El vampiro es un no-muerto (undead, en inglés), cuyas liga diabólica lo ha convertido en un alma en pena corpórea, condenada a una dolorosa inmortalidad, hasta que el rito apropiado –estaca en el corazón, decapitación- le permita el reposo eterno. Quizá por el hecho de ser un alma, es a veces incorpóreo y no se refleja en los espejos ni proyecta sombras. Además de identidad demoníaca, en el vampiro encontramos un evidente simbolismo sexual. En su versión más conocida, suele ser físicamente atractivo y ejerce una extraña atracción sobre sus víctimas; su depredación siempre es nocturna, el momento apropiado para el amor. Su rito consiste en un beso en que sus largos caninos penetran la piel de la víctima, haciendo manar su sangre que chupa a continuación; las víctimas caen en un estado de languidez reminiscente del post-coitum y facilitan la repetición de la experiencia. Este acto de sadismo oral encarna desde luego el acto sexual impresentable en contextos culturales puritanos –como en el que fue escrita la novela de Stocker- pero a la vez se trata de un acto condenable, en una clara asociación de placer físico y perdición moral.

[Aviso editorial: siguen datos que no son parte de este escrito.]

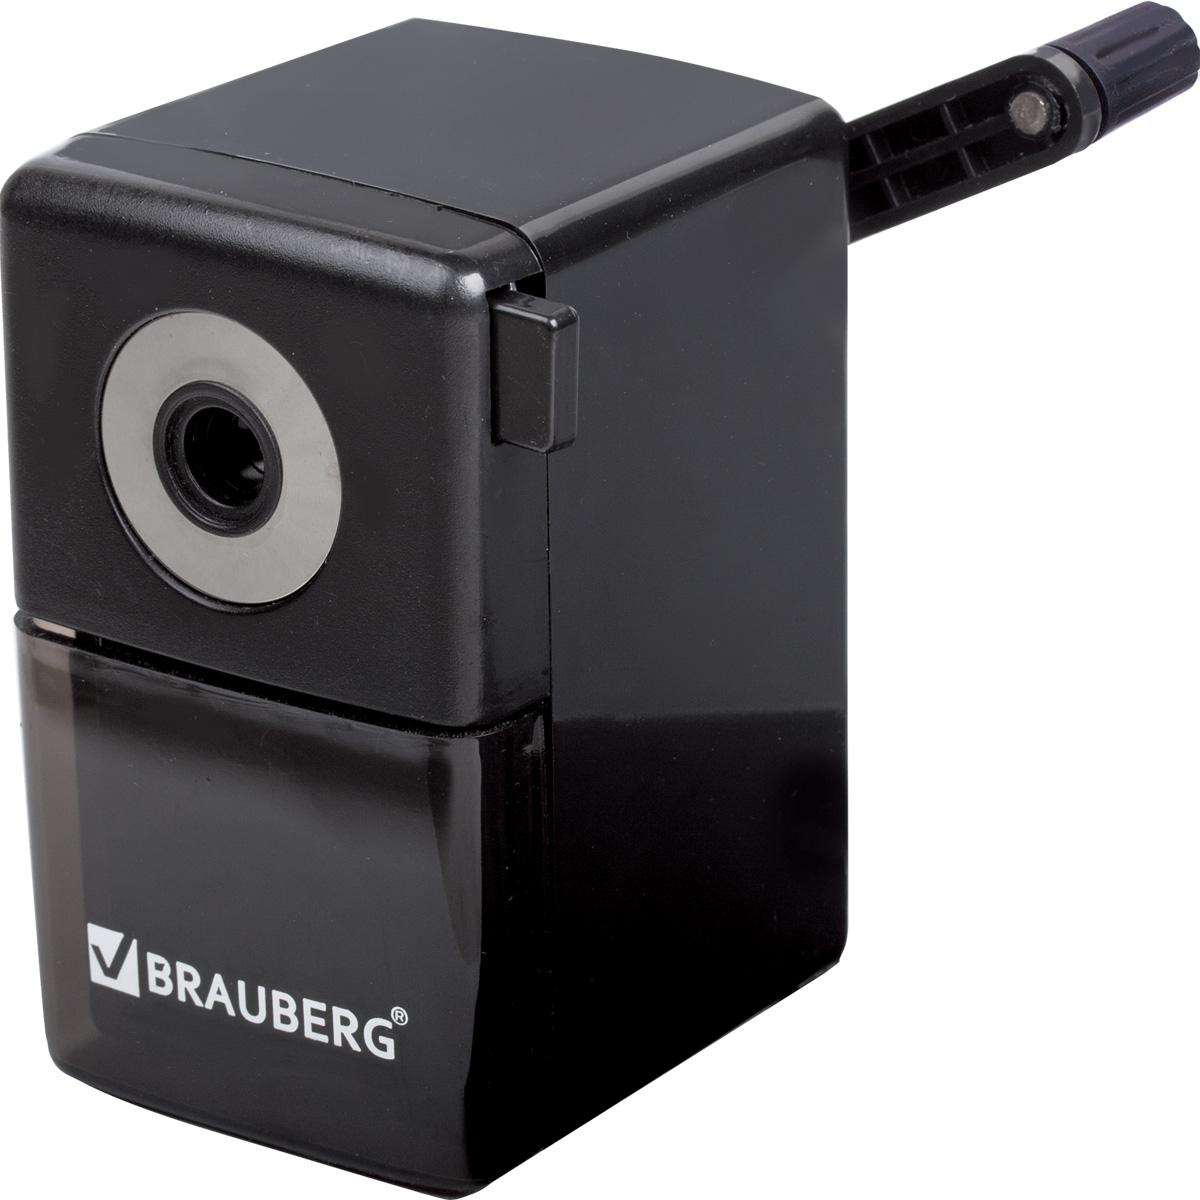 Brauberg Точилка BlackJack30FAТочилка BraubergBlackJack, качественный металлический механизм обеспечивает лёгкое, равномерное затачивание карандашей и долговечность работы точилки. Специальный зажим для крепления к столу обеспечивает дополнительное удобство в использовании.

Con estos antecedentes, sobra decir que el personaje del vampiro llamó la atención del cine desde un principio. La filmografía del vampiro puede alcanzar centenares de títulos; aquí mencionaré sólo algunos de los más famosos de este subgénero.

El primero es Nosferatu (1921), del expresionista alemán F. W. Murnau. La película no sigue el argumento de Stoker, pero conserva la atmósfera angustiante de la novela; Murnau optó por ofrecer una imagen del vampiro distinta de la que Hollywood presentaría una década después, tomándose la licencia de hacer que proyectara sombra y se reflejara fugazmente en un espejo. Otro famoso director alemán, Werner Herzog, rodó en 1979 otro Nosferatu, en el que hace una relectura existencialista del film homónimo de Murnau.

En 1931, el director Tod Browning realizó Drácula, con el actor húngaro Bela Lugosi, cuyo personaje se convertiría en ícono mundial del vampiro. Su imagen elegante y exótica contribuyó a erotizar la atmósfera de un film en el que los mordiscos fueron ocultados mediante elipsis, en fuera de campo o absorbidos por oportunos fundidos. Dos décadas después, la productora Hammer Films lanzaría su serie de películas estelarizadas por el inglés Christopher Lee, que son a color y por tanto potencian el dramatismo de la sangre; sadismo, necrofilia y goce femenino se hicieron más patentes desde entonces. Cabe destacar también un ciclo de producción mexicana, cuyos títulos más famosos fueron El vampiro y El ataúd del vampiro, ambos dirigidos por Fernando Méndez y con el actor Germán Robles.

La última película a comentar es Drácula de Bram Stoker, realizada en 1992 por Francis Ford Coppola. Aunque el título sugiere que se trata de una versión apegada a la novela, más bien es una versión muy personal del director, suntuosa y técnicamente brillante, de exacerbado romanticismo, en la que Drácula habita un castillo de aire rococó, luce un peinado dieciochesco y un largísimo manto escarlata. El filme hace un homenaje al cine cuando Drácula y Mina, su enamorada víctima, acuden a una sesión londinense del incipiente cinematógrafo –novedad de la época- y el propio conde no deja de maravillarse por los prodigios de la ciencia moderna.